EXERCISE DESCRIPTION: Lines that include the string "Seasoning" are the ones to copy from the entries below.

(Items from a data source)
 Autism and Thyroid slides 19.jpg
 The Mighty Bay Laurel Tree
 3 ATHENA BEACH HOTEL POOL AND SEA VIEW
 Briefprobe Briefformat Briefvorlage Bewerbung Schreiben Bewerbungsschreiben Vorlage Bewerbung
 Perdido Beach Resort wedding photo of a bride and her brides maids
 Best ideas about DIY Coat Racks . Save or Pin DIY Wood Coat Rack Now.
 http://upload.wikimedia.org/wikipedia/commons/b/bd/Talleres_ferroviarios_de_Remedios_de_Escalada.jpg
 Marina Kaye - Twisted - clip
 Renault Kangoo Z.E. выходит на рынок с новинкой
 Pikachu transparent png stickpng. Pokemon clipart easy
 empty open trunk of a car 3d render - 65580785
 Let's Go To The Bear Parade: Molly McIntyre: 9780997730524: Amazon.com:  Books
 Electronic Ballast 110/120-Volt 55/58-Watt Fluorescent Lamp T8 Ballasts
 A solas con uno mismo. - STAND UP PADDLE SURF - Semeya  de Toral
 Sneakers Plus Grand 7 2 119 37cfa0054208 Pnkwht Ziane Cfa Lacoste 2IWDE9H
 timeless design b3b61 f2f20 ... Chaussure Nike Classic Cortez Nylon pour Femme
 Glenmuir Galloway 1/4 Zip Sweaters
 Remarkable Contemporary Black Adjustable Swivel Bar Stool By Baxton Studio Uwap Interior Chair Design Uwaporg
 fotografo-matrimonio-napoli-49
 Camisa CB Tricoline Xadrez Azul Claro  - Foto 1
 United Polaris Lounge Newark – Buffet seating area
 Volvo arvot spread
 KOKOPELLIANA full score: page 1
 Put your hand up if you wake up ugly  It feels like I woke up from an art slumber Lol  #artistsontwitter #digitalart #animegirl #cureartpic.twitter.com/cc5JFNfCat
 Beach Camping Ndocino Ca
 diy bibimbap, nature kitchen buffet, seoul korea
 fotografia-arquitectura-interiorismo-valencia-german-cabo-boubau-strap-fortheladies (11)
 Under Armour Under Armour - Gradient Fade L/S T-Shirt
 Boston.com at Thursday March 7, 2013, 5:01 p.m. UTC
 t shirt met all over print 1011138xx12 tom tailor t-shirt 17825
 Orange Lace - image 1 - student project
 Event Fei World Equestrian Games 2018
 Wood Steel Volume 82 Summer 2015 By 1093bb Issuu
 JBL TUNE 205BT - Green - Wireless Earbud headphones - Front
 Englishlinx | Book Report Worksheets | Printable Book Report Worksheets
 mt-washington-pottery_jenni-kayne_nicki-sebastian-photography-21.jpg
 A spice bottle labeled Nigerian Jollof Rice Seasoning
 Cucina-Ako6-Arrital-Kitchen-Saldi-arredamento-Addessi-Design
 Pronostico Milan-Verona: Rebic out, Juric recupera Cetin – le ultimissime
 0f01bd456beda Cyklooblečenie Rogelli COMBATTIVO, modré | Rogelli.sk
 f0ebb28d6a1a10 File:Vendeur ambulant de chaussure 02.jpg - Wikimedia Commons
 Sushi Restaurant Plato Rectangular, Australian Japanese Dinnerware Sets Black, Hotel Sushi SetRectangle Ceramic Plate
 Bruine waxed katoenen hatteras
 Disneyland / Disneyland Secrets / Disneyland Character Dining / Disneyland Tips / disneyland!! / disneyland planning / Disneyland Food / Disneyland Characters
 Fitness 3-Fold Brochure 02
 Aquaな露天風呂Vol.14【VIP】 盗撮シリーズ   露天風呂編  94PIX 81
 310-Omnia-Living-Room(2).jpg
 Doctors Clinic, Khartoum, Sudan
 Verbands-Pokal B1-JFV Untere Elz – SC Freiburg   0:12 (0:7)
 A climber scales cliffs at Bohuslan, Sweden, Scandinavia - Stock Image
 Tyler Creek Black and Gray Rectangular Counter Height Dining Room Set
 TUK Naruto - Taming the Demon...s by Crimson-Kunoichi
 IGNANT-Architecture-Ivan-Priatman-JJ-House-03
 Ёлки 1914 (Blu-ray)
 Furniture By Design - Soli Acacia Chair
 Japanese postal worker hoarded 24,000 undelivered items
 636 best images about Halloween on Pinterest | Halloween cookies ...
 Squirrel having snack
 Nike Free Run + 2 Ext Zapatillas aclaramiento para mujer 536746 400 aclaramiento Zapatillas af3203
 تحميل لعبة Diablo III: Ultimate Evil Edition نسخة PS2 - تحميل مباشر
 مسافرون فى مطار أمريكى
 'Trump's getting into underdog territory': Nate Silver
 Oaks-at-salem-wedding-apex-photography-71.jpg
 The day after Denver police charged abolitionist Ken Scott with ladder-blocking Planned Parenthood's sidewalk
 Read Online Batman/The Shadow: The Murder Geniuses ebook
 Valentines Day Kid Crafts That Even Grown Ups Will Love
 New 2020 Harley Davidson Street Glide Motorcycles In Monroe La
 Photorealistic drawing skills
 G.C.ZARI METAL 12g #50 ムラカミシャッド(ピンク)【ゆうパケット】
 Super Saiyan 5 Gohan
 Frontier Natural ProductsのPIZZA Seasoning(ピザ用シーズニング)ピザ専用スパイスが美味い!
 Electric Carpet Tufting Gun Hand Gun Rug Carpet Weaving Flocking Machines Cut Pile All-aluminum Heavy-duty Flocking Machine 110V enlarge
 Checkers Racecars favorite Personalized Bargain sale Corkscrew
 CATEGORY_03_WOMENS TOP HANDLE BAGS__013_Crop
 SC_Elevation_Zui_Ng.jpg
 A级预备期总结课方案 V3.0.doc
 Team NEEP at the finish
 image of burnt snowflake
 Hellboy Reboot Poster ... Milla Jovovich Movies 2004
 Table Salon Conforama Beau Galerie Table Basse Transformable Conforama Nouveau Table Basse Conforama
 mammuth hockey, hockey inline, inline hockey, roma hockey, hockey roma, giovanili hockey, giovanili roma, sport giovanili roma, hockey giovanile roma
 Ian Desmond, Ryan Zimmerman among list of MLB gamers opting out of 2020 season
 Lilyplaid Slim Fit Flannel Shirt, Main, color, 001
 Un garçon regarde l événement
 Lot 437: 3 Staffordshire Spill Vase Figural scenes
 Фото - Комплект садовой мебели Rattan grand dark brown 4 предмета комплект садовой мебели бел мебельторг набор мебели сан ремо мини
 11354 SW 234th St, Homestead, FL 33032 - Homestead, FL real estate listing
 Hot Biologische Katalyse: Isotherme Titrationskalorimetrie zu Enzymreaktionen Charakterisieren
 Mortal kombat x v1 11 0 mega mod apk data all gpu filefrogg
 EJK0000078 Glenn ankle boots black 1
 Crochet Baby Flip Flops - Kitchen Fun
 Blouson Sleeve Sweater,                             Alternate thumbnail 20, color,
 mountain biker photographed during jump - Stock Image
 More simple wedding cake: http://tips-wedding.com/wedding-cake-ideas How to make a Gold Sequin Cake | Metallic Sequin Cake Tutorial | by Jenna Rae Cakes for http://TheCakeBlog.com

COMPLETED EXERCISE:
 A spice bottle labeled Nigerian Jollof Rice Seasoning
 Frontier Natural ProductsのPIZZA Seasoning(ピザ用シーズニング)ピザ専用スパイスが美味い!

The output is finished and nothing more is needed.